Matrix $P$ was defined in such a way, that it is actually a Markov matrix, and you can see that it has an eigenvalue $1$. The equation $X_m=PX_{m-1}$ can be rewritten as $PX_{m-1}=1\times X_m$. Predicting probabilities in $X_m$ when $m$ is large you can actually look for an eigenvector corresponding to the eigenvalue $1$, because then you will get $PX = X$.

X_inf = np.linalg.eig(P)[1][:,0]

print("Eigenvector corresponding to the eigenvalue 1:\n" + str(X_inf))
Eigenvector corresponding to the eigenvalue 1:
[-0.76088562 -0.25879453 -0.2204546  -0.1644783  -0.52766004]

Exercise 4

Perform matrix multiplication $PX$ (multiply matrix P and vector X_inf) to check that the result will be equal to the vector $X$ (X_inf).

# This is organised as a function only for grading purposes.
def check_eigenvector(P, X_inf):
    ### START CODE HERE ###
    X_check = P @ X_inf
    ### END CODE HERE ###
    
    return X_check

X_check = check_eigenvector(P, X_inf)

print("Original eigenvector corresponding to the eigenvalue 1:\n" + str(X_inf))
print("Result of multiplication:" + str(X_check))

# Function np.isclose compares two NumPy arrays element by element, allowing for error tolerance (rtol parameter).
print("Check that PX=X element by element:" +str(np.isclose(X_inf, X_check, rtol=1e-10)))
Original eigenvector corresponding to the eigenvalue 1:
[-0.76088562 -0.25879453 -0.2204546  -0.1644783  -0.52766004]
Result of multiplication:[-0.76088562 -0.25879453 -0.2204546  -0.1644783  -0.52766004]
Check that PX=X element by element:[ True  True  True  True  True]
# Test your solution.
w4_unittest.test_check_eigenvector(check_eigenvector)
 All tests passed

The output eigenvectors of the np.linalg.eig() function are normalized so that their norm is $1$. For the vector $X$ you would like to choose a vector in the same direction, so that the sum of its elements is equal to $1$:

X_inf = X_inf / sum(X_inf)

print("Probabilities being at each of the pages:\n" + str(X_inf))
Probabilities being at each of the pages:
[0.39377747 0.13393269 0.11409081 0.08512166 0.27307736]

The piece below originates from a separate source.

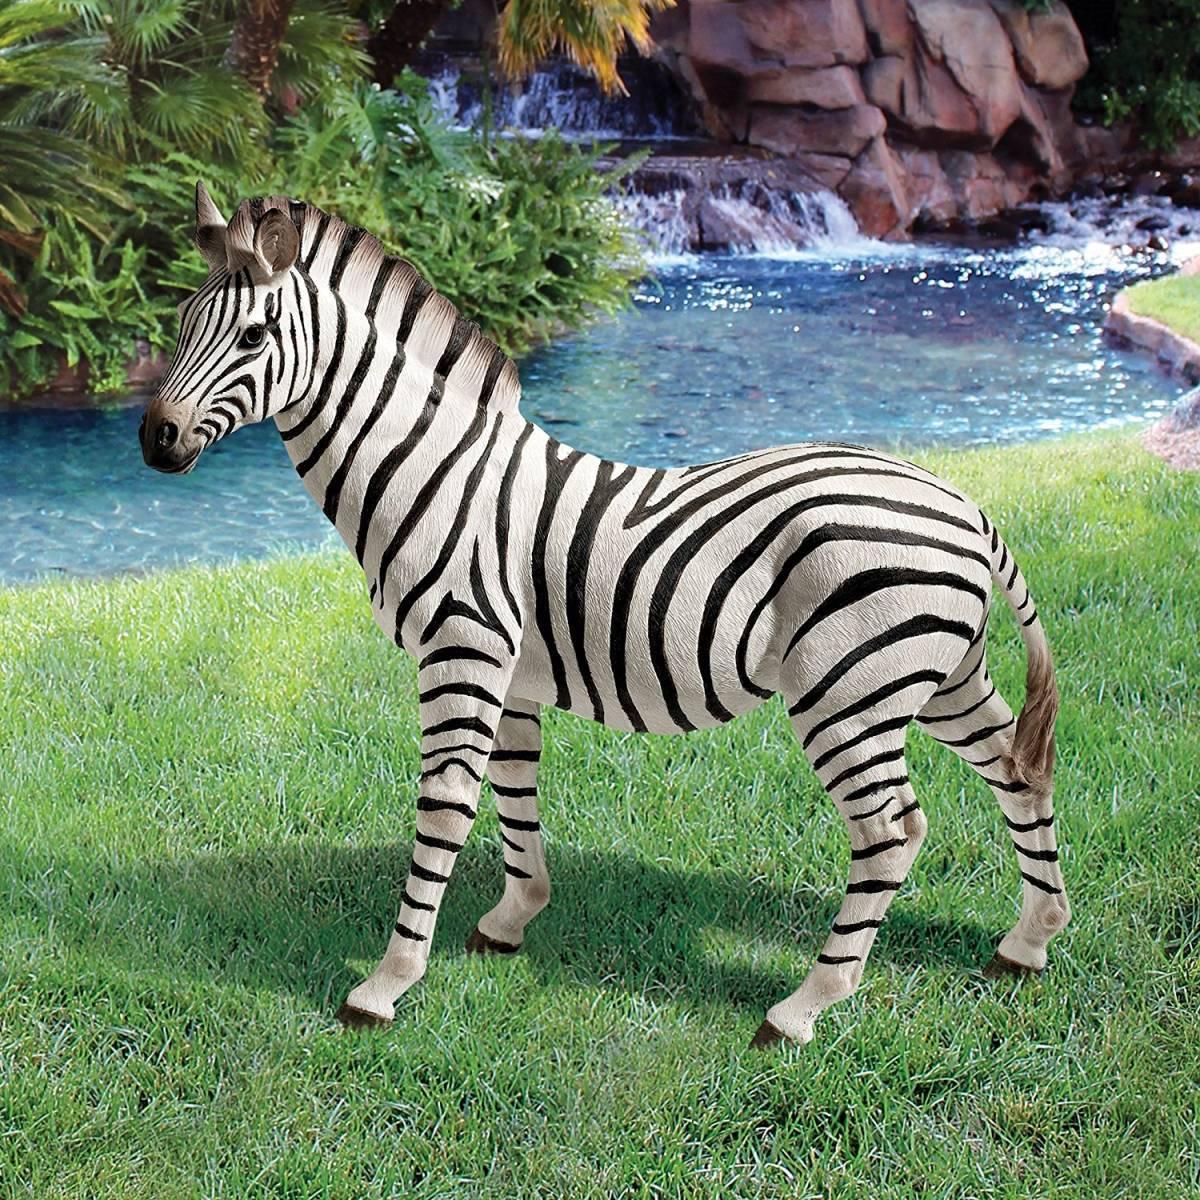 デザイン・トスカノ製 「ゾラ」 縞馬(シマウマ)像 彫刻 彫像/ Zora, the Zebra Statue(輸入品)

You can see the probabilities of the browser being at each of the pages after infinite steps of navigation. Such type of a model was the foundation of the PageRank algorithm, which is the basis of Google’s very successful search engine.

Congratulations! You have finished the assignment in this week.